#### DIRECTIONS FOR THIS TASK
Repeat each entry word for word. Leave any images out of the copy.

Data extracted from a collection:
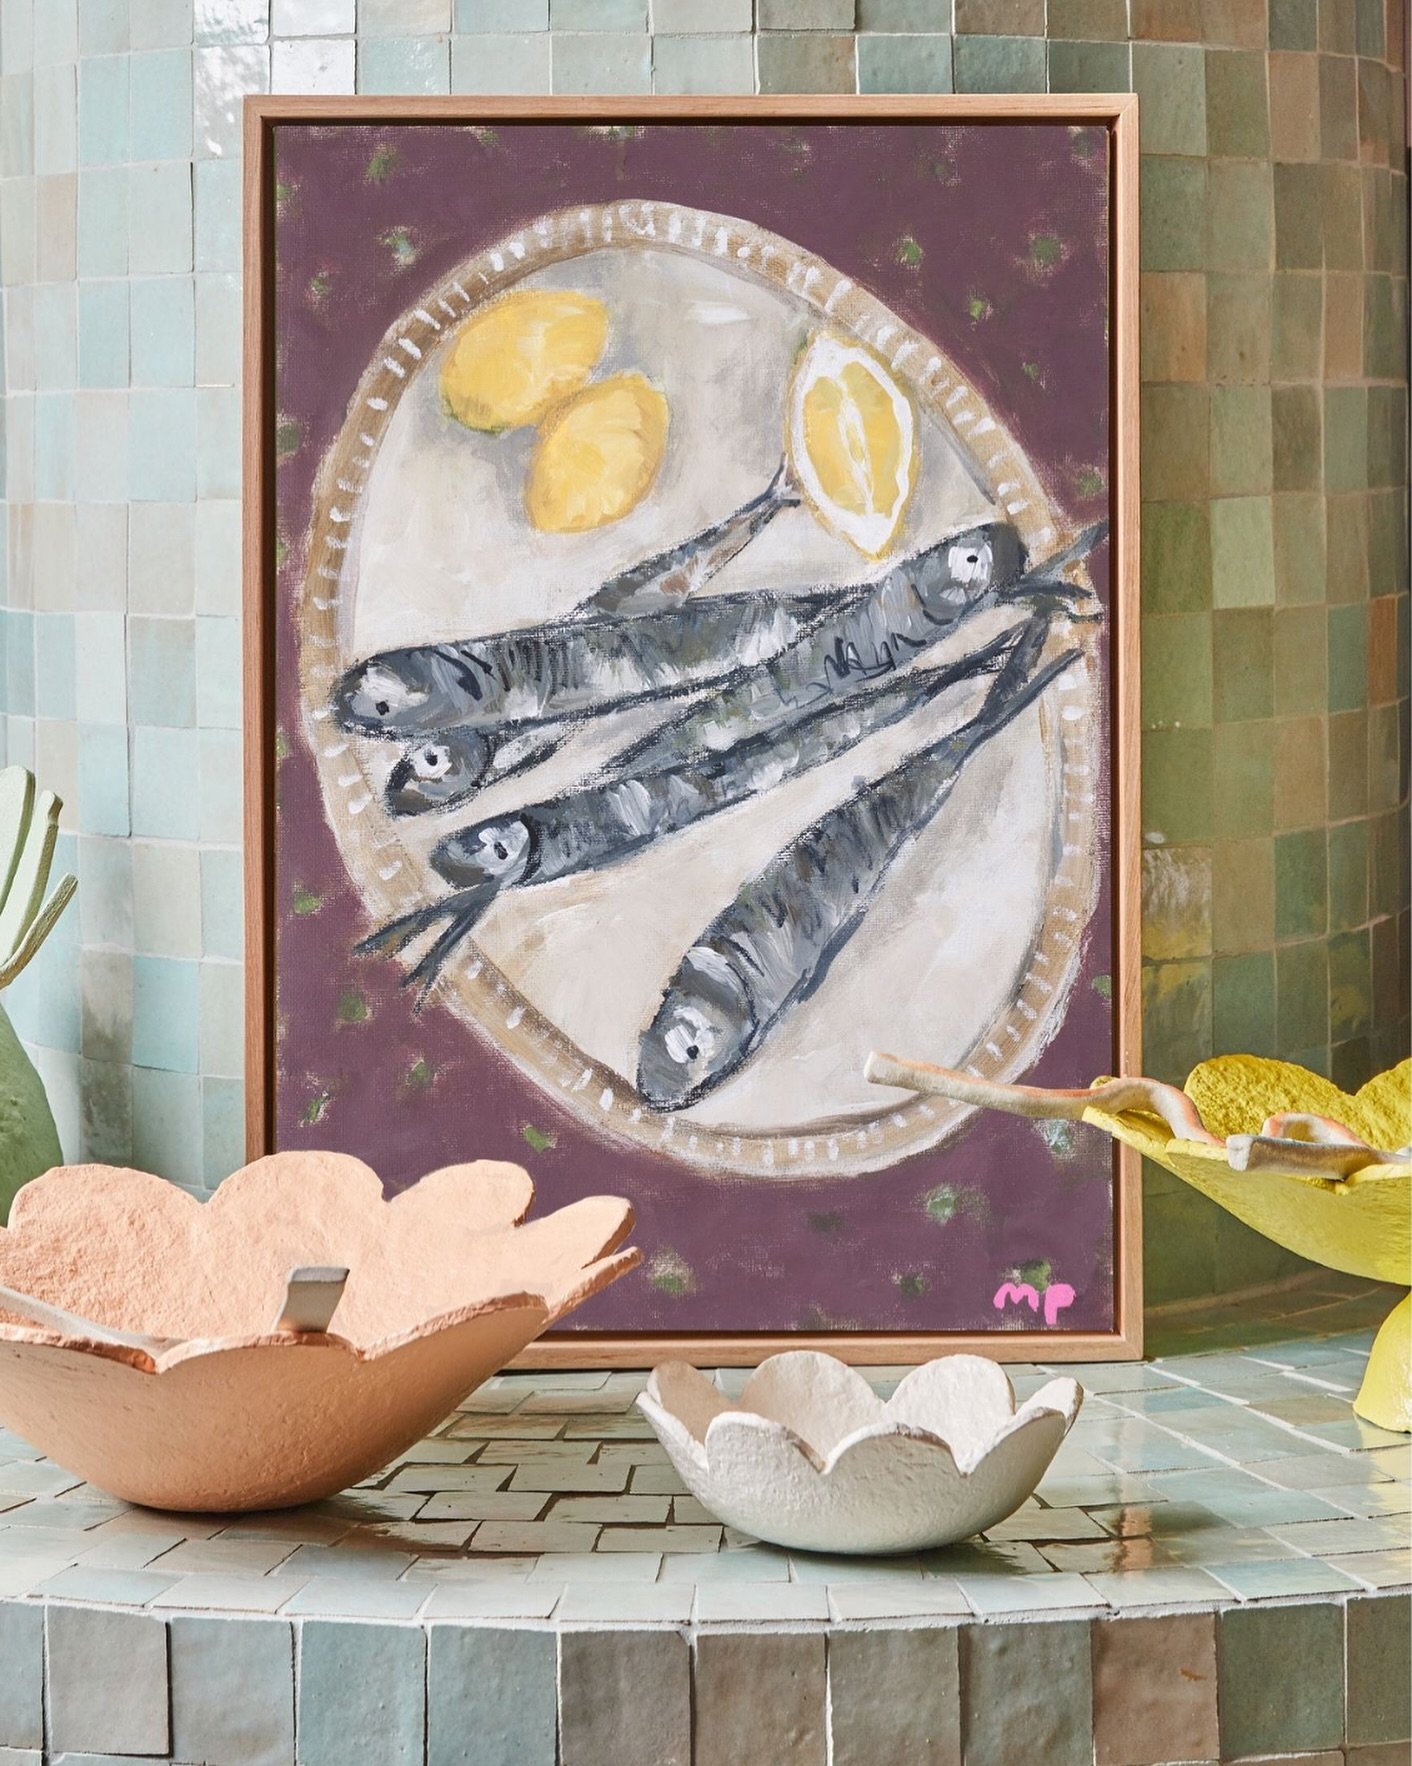 Pilchard Plate 🎣 
Available now online @greenhouseinteriors ✨

#art #artgallery #artcollector #artoftheday #interiors #interiorstyling #kitchendecor #kitchendesign #sardines #foodie
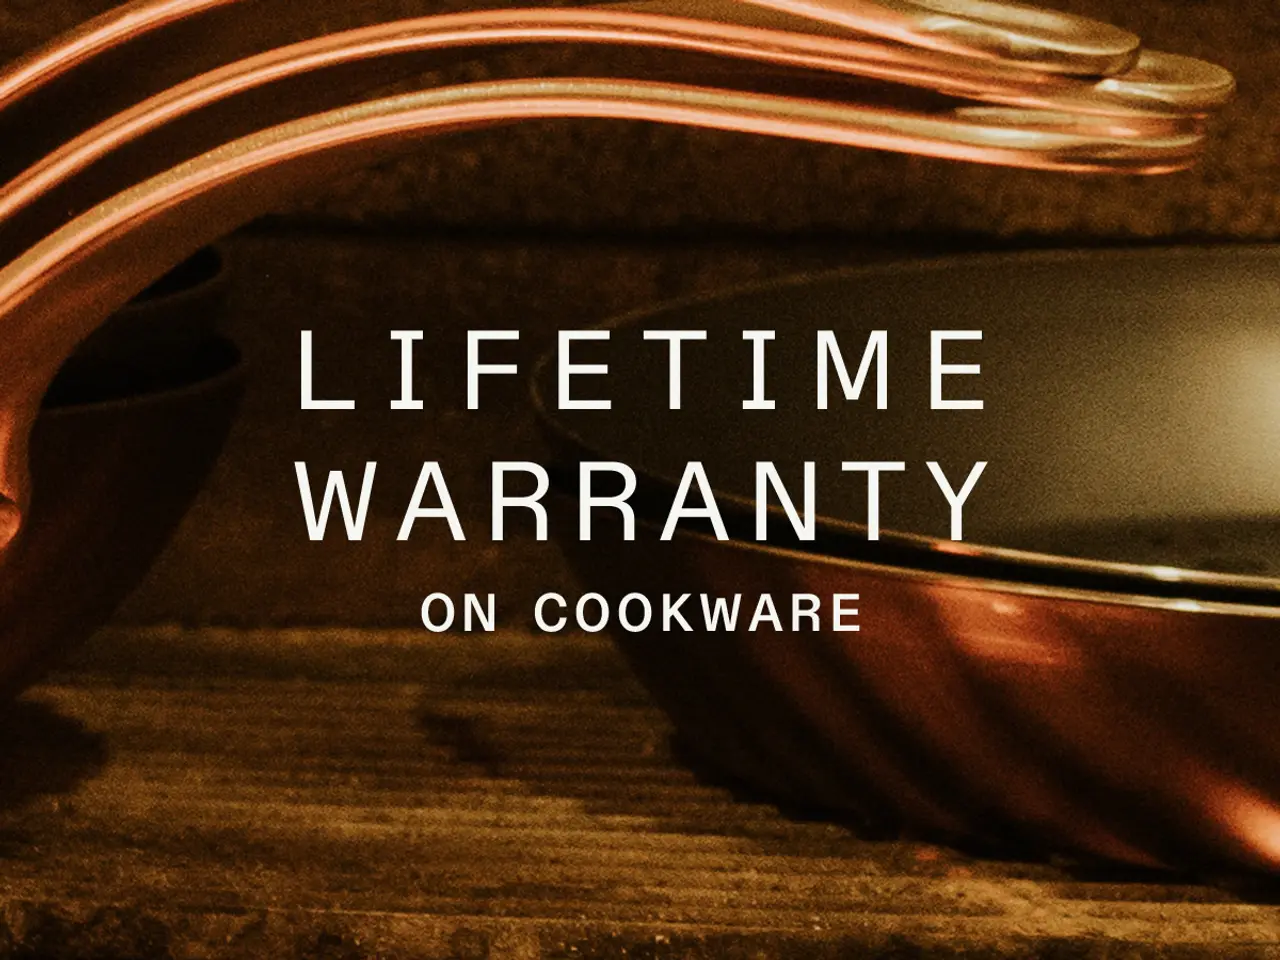 Stacked copper cookware is displayed with the text "LIFETIME WARRANTY ON COOKWARE" emblazoned above.
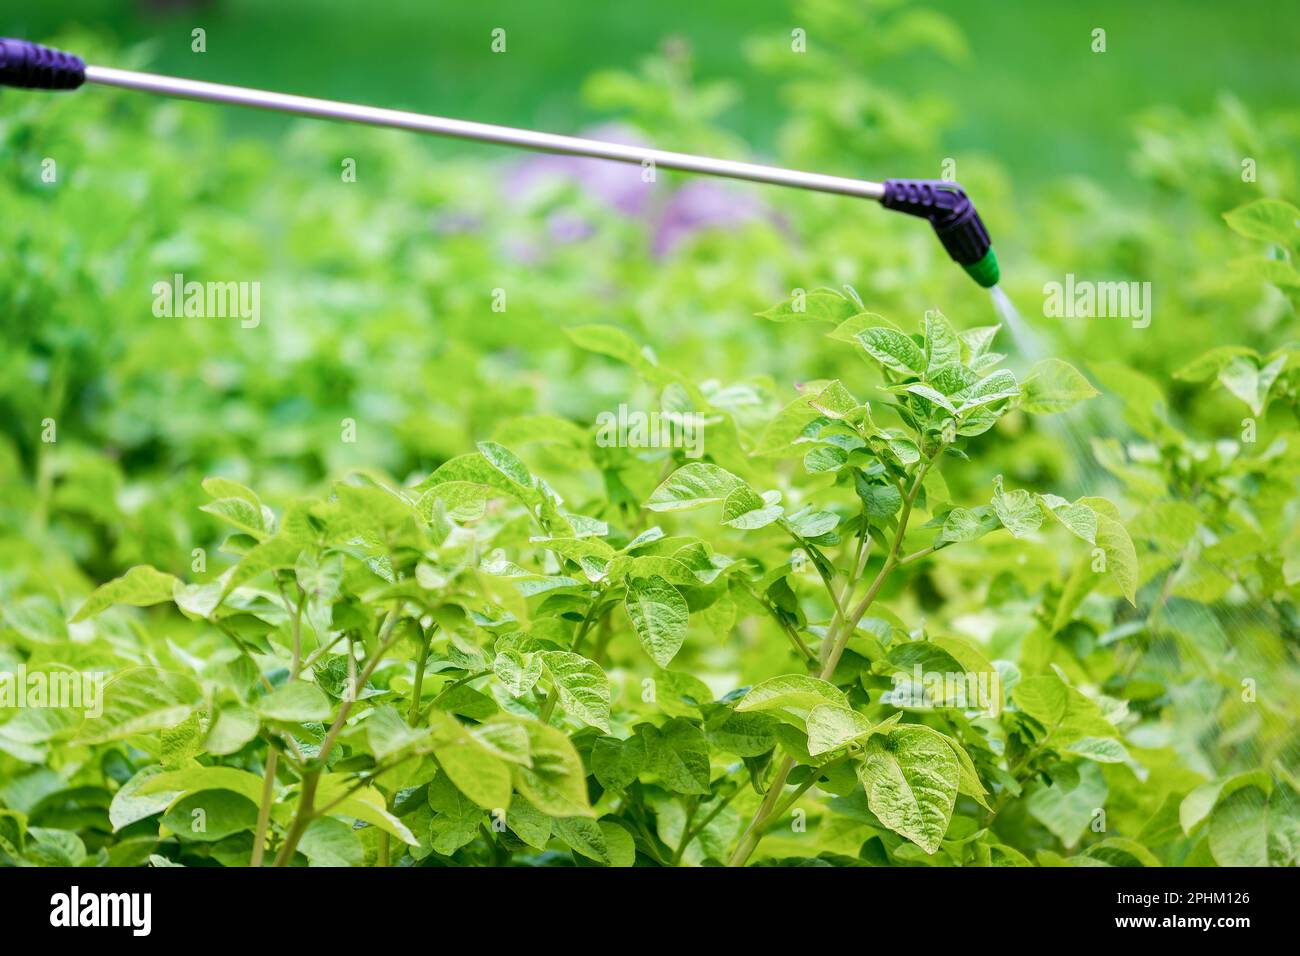 Potato field. Treatment of the plant against diseases with a sprayer. No phytophthora. Stock Photo

#### SOLVED PROBLEM
 Pilchard Plate 🎣 
Available now online @greenhouseinteriors ✨

#art #artgallery #artcollector #artoftheday #interiors #interiorstyling #kitchendecor #kitchendesign #sardines #foodie
 Stacked copper cookware is displayed with the text "LIFETIME WARRANTY ON COOKWARE" emblazoned above.
 Potato field. Treatment of the plant against diseases with a sprayer. No phytophthora. Stock Photo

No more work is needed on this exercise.